*Exercise brief*. Pictures in the data must not be copied, but everything else should be output exactly.

*Dataset excerpt*.
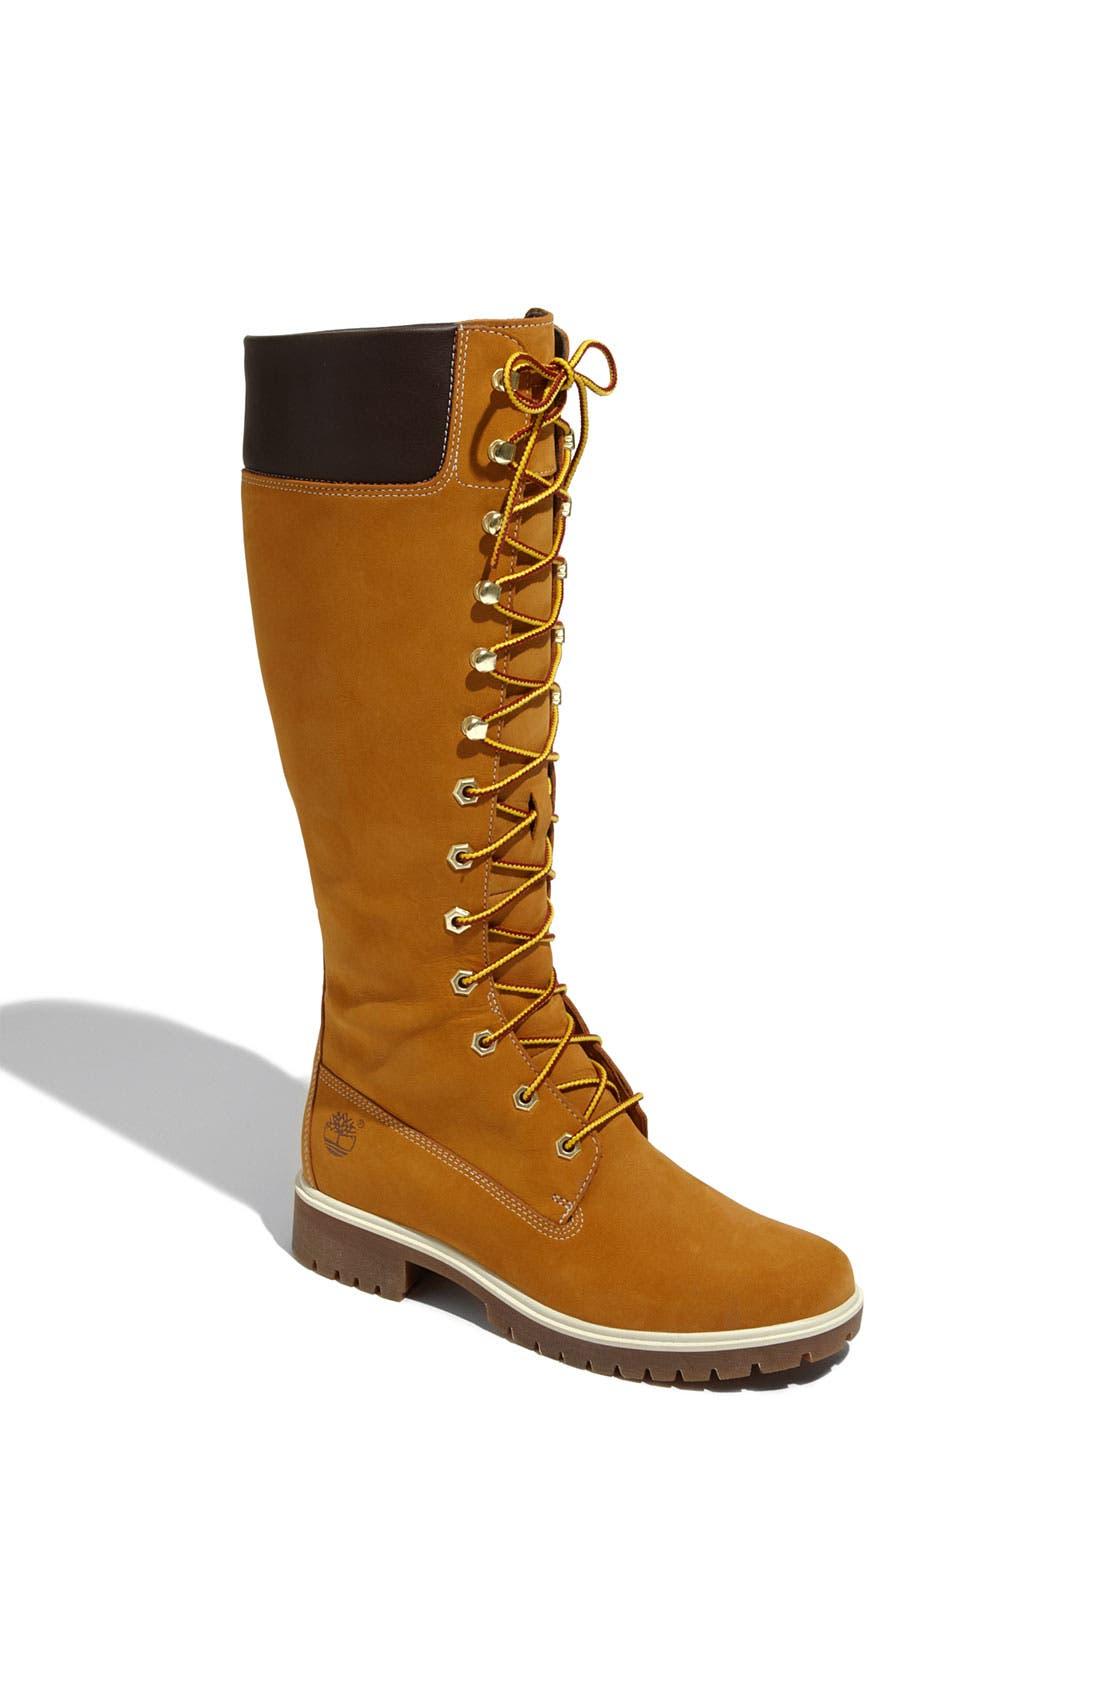 Main Image - Timberland 'Premium Classic' Boot
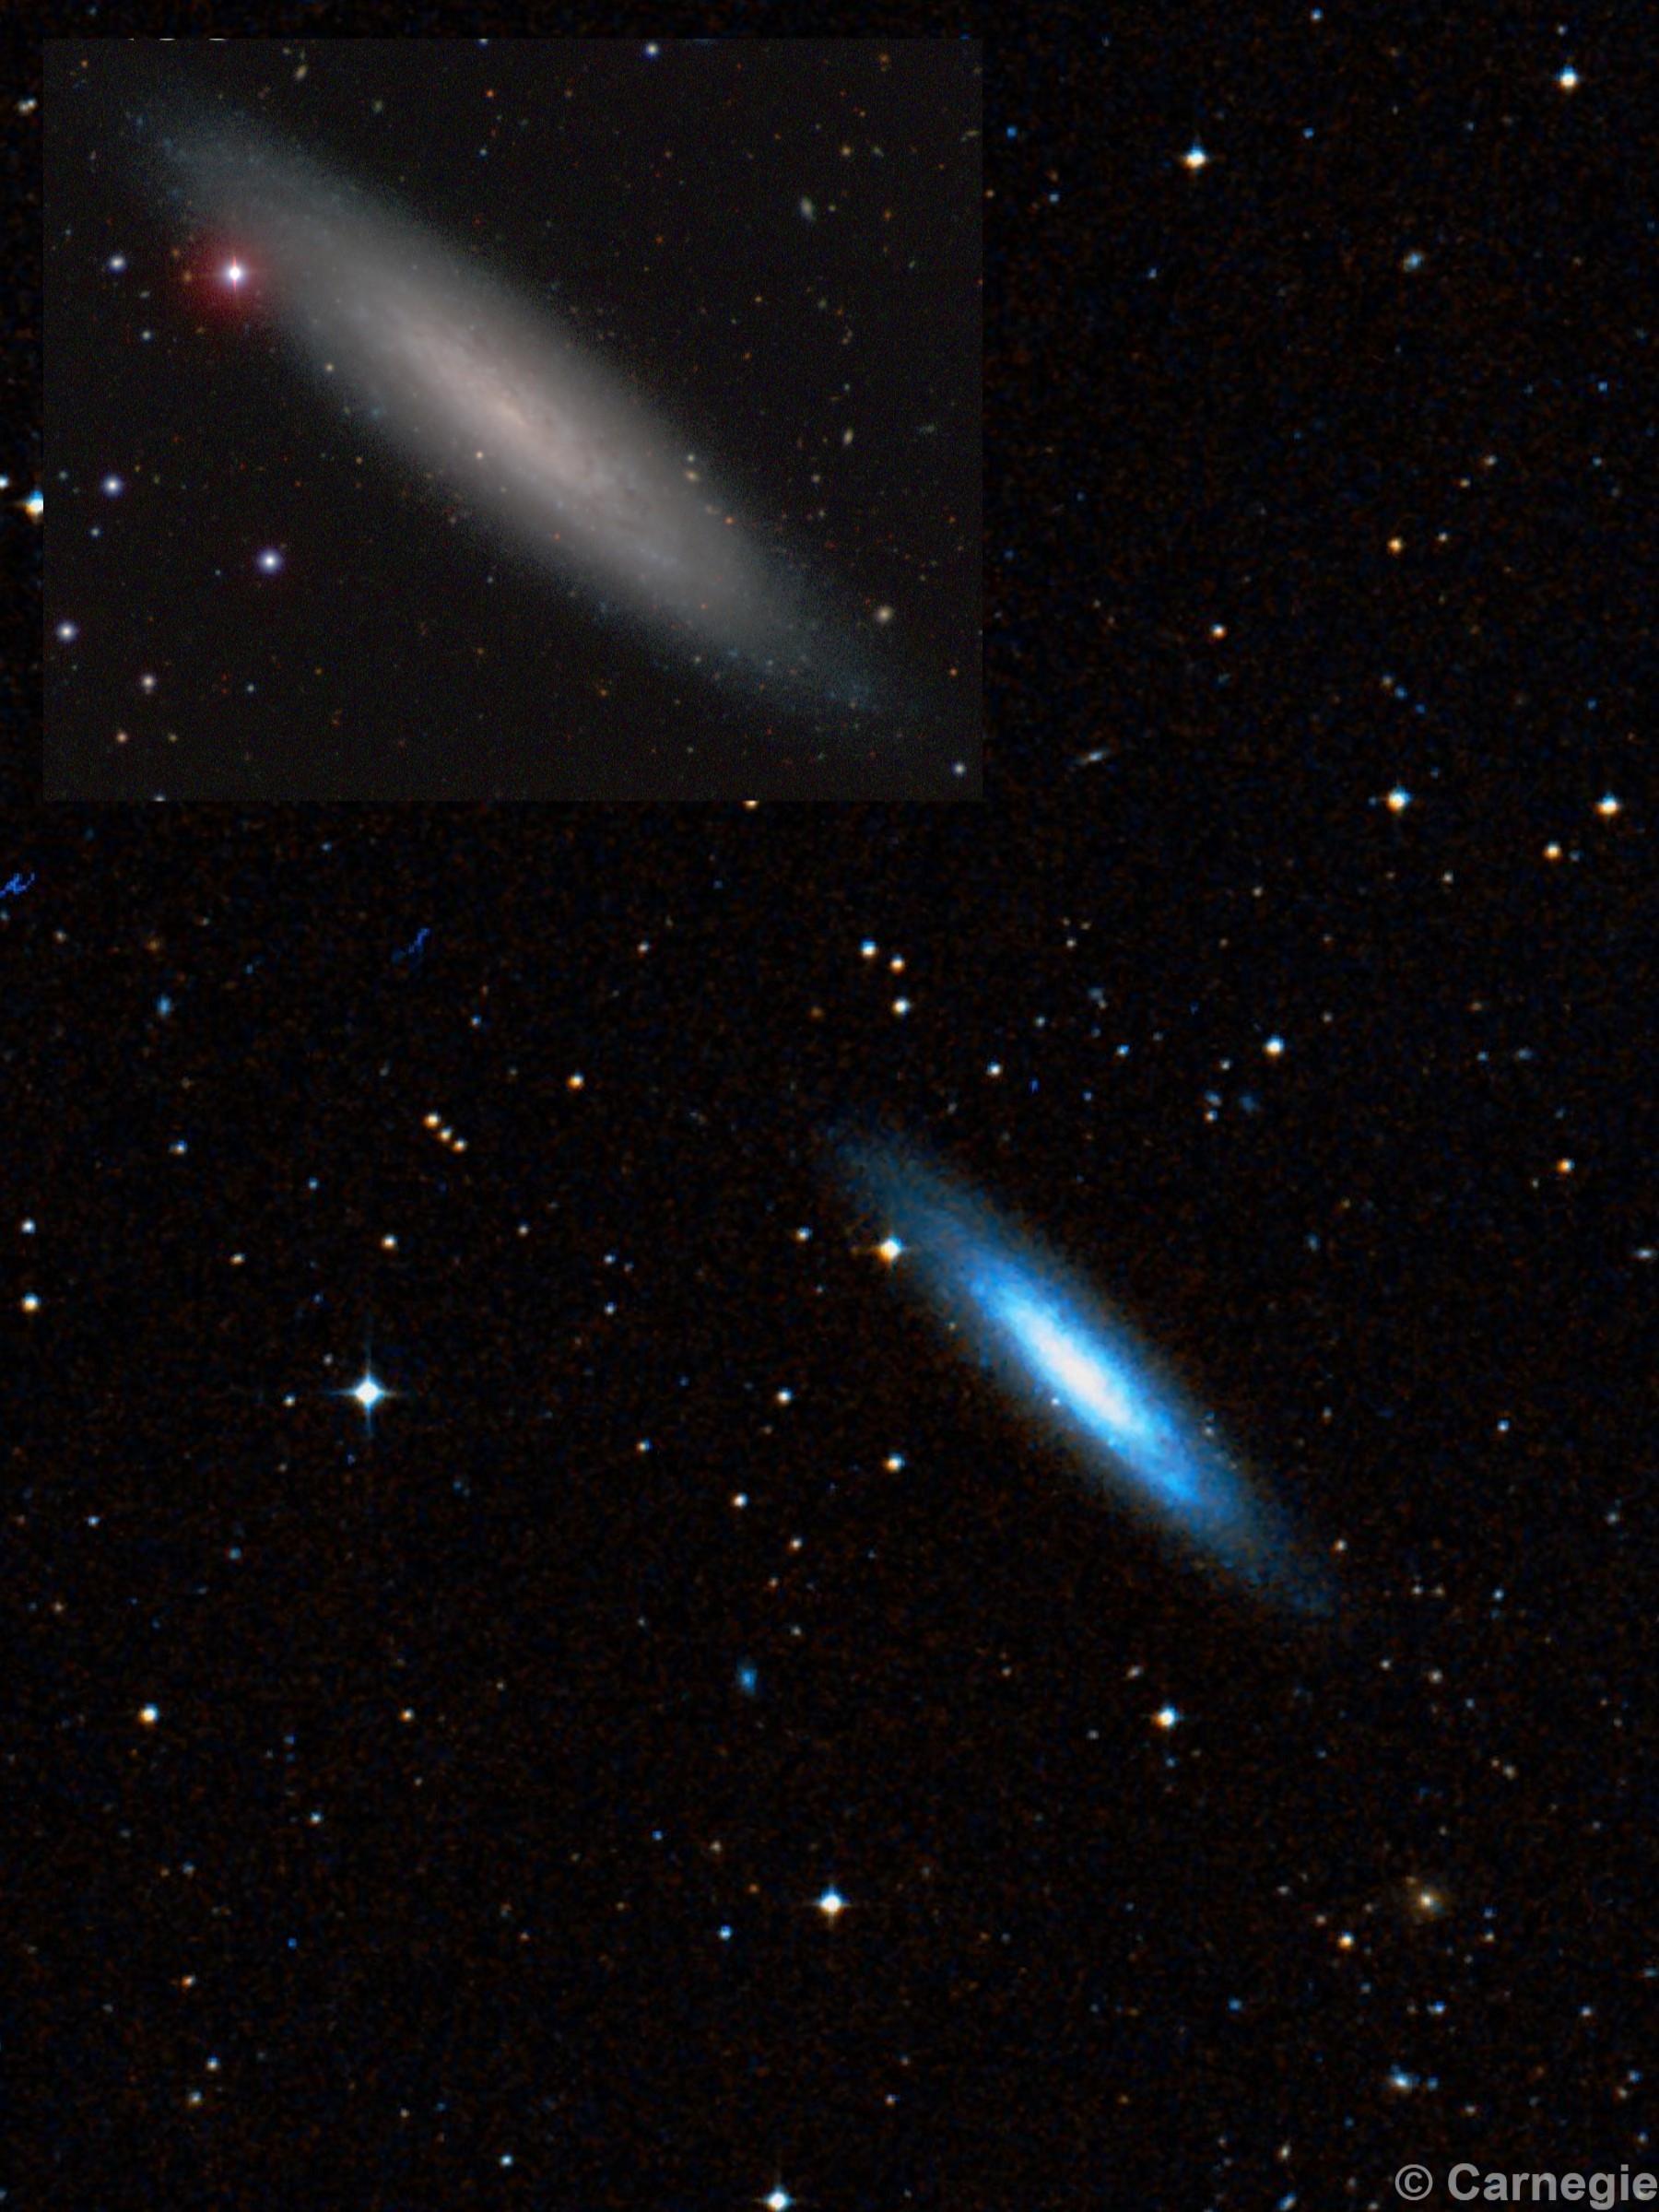 NGC 24
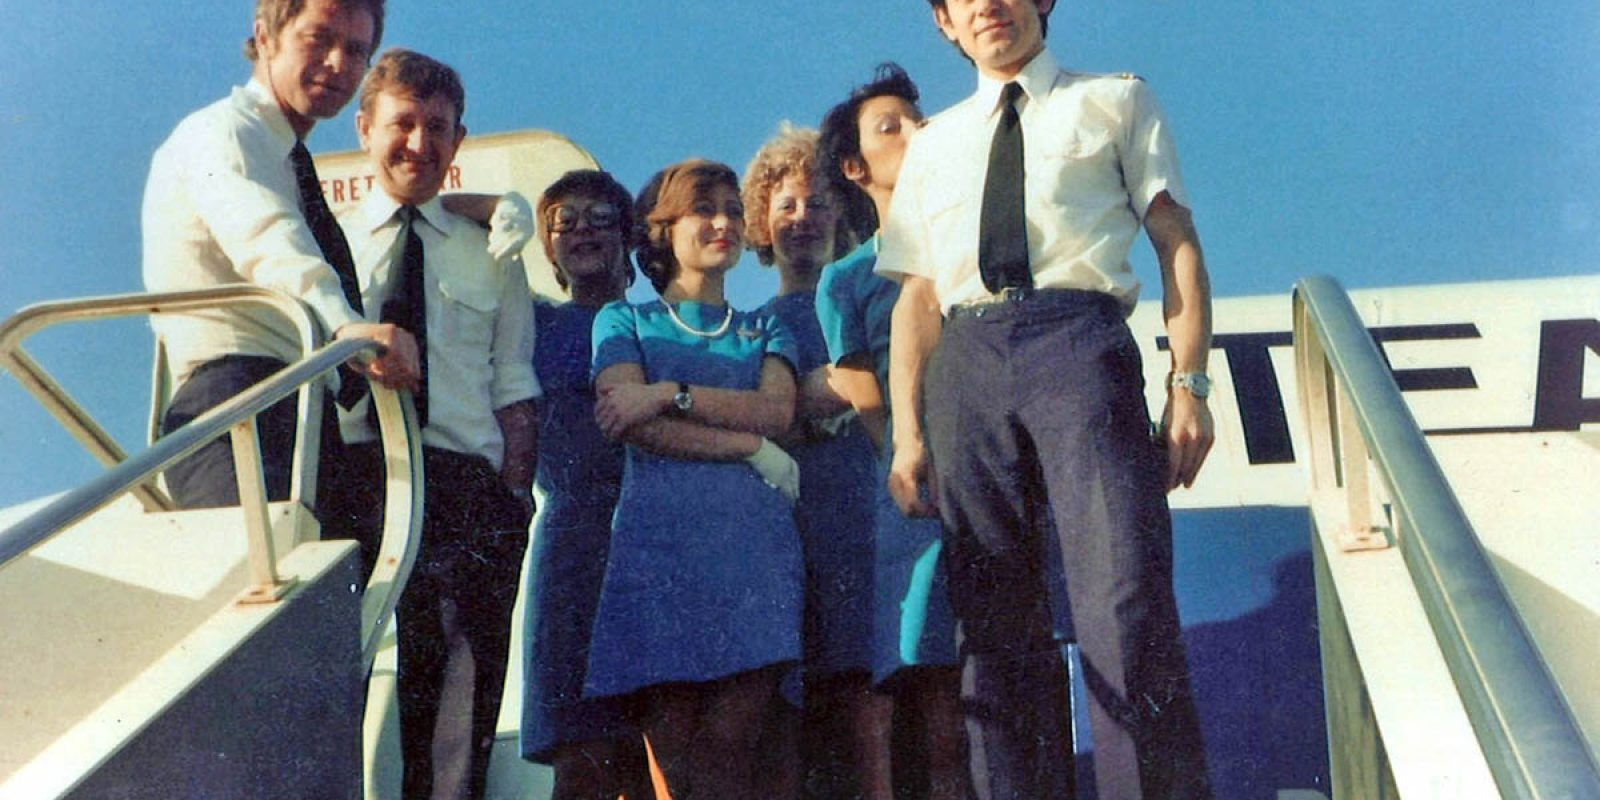 Jean-Jacques Speyer débute sa carrière en tant que Flight Engineer sur Boeing 707 à la TEA. Photo d'équipage avec Jo Boone comme Commandant de Bord, qui devint Chef Pilote à la TEA et Instructeur sur A300-600/A310 à Airbus. Son copilote, Paul « Pelle » Dardenne, est à sa gauche. (Photo Jean-Jacques Speyer)

*Answer below*.
 Main Image - Timberland 'Premium Classic' Boot
 NGC 24
 Jean-Jacques Speyer débute sa carrière en tant que Flight Engineer sur Boeing 707 à la TEA. Photo d'équipage avec Jo Boone comme Commandant de Bord, qui devint Chef Pilote à la TEA et Instructeur sur A300-600/A310 à Airbus. Son copilote, Paul « Pelle » Dardenne, est à sa gauche. (Photo Jean-Jacques Speyer)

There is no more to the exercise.